Identify every line in the records below that contains the word "Washington", and reproduce each one.

__Exercise materials__:
══════════════════════════════

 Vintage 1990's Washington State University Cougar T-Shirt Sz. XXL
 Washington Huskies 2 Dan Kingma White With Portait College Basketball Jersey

══════════════════════════════

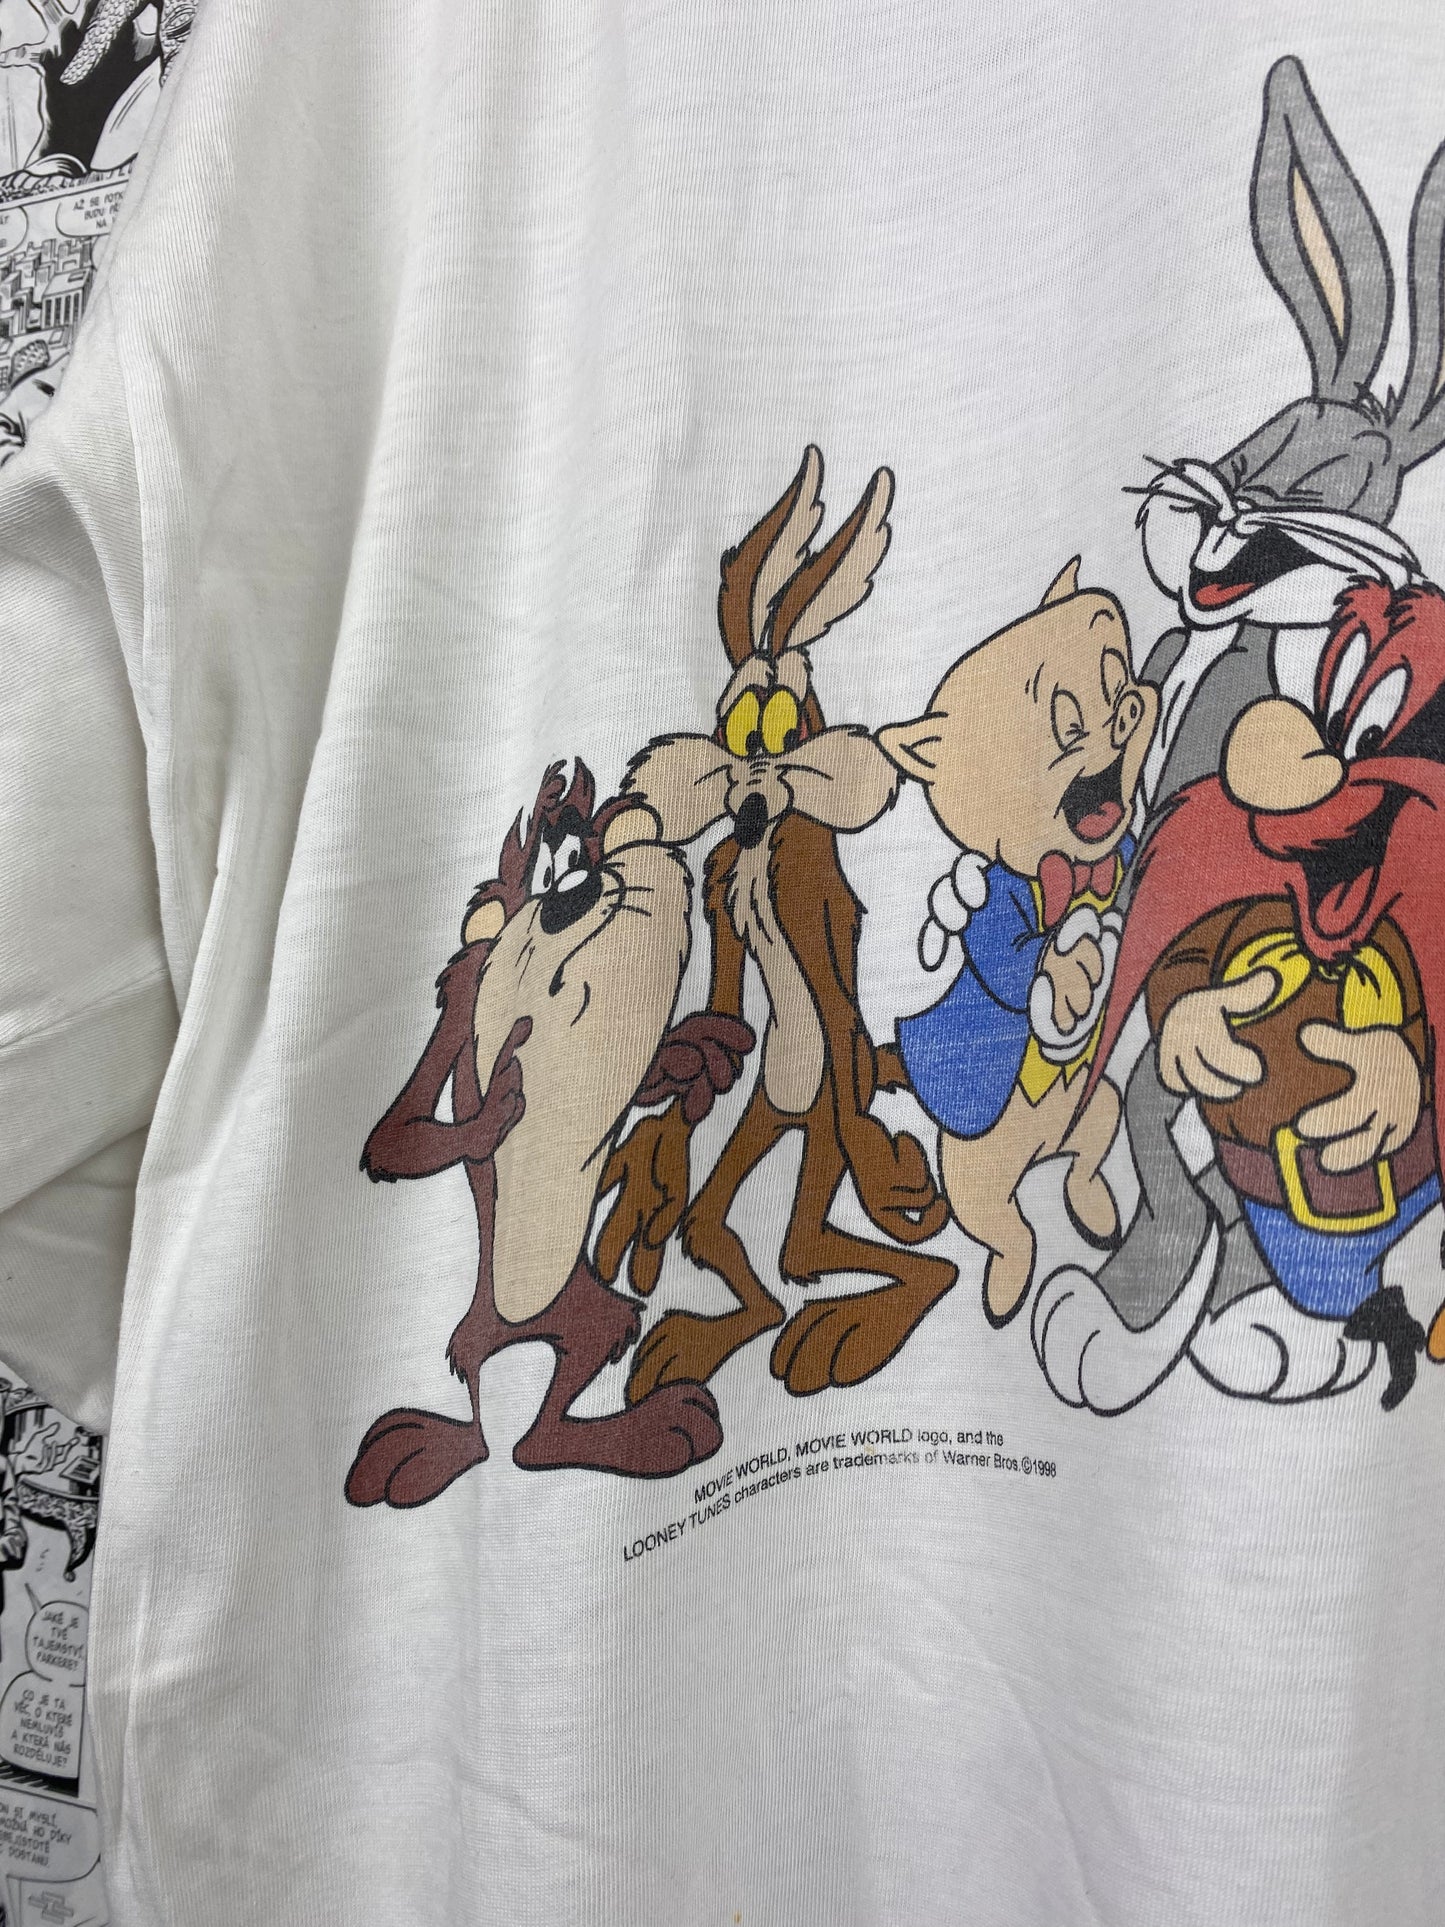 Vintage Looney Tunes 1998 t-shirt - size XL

══════════════════════════════

__Task answer__:
 Vintage 1990's Washington State University Cougar T-Shirt Sz. XXL
 Washington Huskies 2 Dan Kingma White With Portait College Basketball Jersey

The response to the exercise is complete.